(Exercise instructions): Among the entries below, please repeat exactly and only the lines from the line containing "TERRITORY MEN'S WASATCH" to the line containing "Ivory, size 10", both lines included.
(Extracted information begins)
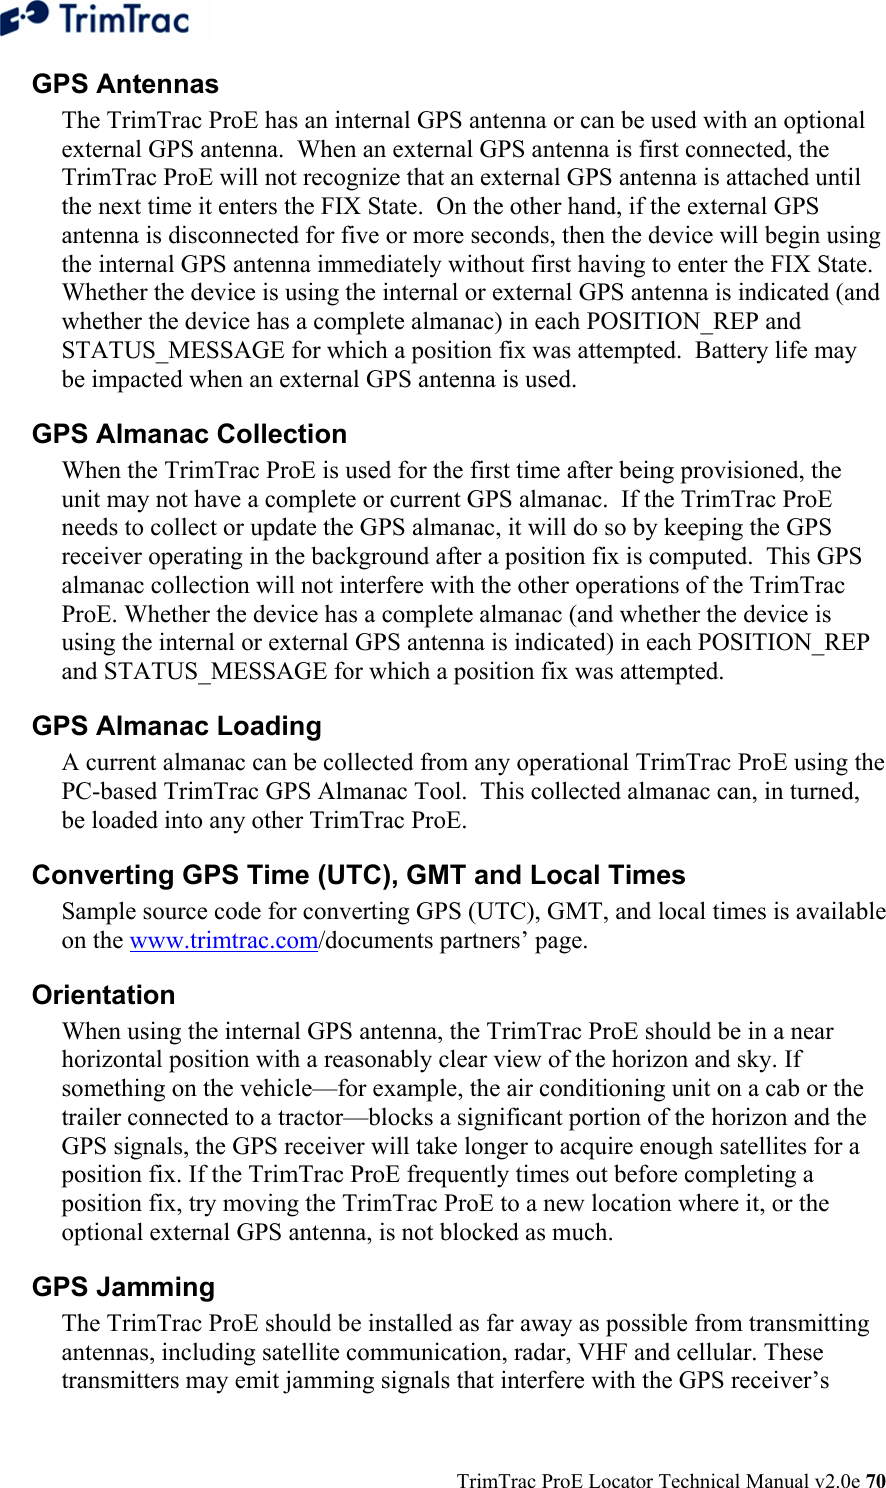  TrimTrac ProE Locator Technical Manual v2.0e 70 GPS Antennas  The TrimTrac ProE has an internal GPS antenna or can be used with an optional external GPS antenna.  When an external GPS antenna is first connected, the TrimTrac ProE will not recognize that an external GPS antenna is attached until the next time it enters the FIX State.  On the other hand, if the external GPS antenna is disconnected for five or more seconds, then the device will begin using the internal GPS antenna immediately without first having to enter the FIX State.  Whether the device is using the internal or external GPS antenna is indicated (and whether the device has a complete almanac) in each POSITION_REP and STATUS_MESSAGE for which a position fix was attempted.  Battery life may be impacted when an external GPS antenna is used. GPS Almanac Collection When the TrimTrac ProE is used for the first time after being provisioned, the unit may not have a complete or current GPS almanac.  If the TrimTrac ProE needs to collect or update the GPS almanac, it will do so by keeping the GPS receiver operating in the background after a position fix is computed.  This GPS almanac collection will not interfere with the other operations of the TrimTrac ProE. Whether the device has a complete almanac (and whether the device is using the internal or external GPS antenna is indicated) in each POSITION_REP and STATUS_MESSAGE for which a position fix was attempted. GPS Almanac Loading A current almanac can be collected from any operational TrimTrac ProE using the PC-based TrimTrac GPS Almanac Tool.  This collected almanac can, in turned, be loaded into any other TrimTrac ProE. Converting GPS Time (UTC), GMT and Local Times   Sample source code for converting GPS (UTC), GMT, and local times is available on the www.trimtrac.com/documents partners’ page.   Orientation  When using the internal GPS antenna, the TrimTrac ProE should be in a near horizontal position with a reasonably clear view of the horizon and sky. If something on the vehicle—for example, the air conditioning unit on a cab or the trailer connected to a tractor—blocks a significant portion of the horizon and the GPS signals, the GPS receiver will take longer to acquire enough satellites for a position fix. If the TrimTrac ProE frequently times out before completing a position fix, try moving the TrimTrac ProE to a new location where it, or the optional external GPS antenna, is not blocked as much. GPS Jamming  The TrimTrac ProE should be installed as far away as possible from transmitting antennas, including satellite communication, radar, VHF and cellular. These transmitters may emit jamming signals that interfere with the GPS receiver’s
(Extracted information ends)
(Extracted information begins)
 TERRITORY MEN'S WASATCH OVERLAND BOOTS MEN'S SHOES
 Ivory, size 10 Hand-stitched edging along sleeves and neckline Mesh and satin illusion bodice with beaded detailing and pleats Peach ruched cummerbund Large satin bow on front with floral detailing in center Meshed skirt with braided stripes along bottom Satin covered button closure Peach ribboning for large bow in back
(Extracted information ends)
(Extracted information begins)
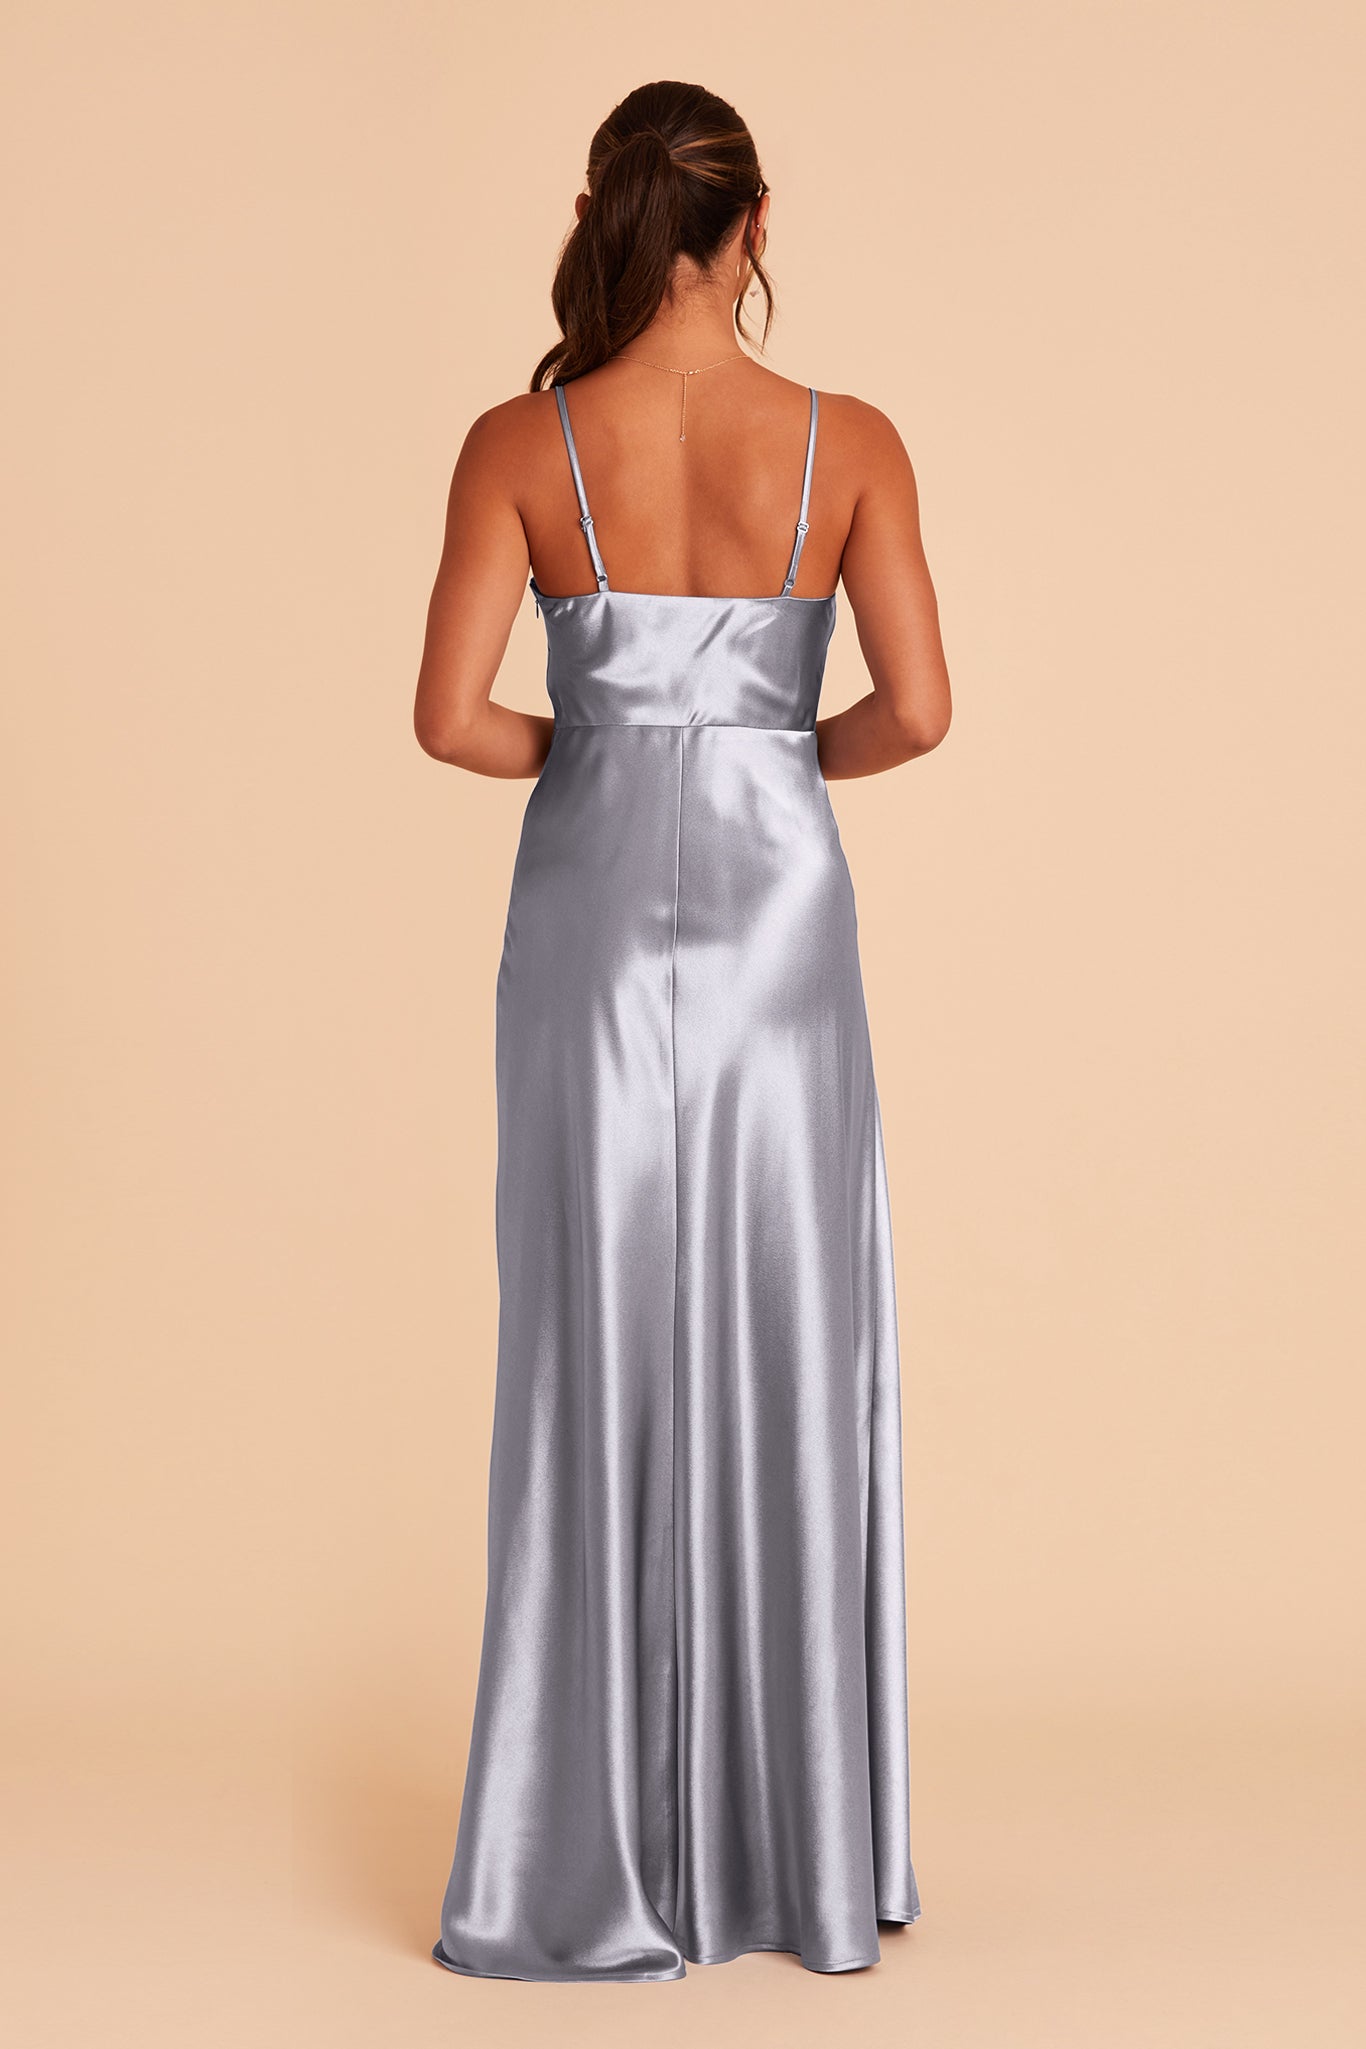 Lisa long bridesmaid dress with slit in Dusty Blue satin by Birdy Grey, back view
(Extracted information ends)
(Answer to the problem):
 TERRITORY MEN'S WASATCH OVERLAND BOOTS MEN'S SHOES
 Ivory, size 10 Hand-stitched edging along sleeves and neckline Mesh and satin illusion bodice with beaded detailing and pleats Peach ruched cummerbund Large satin bow on front with floral detailing in center Meshed skirt with braided stripes along bottom Satin covered button closure Peach ribboning for large bow in back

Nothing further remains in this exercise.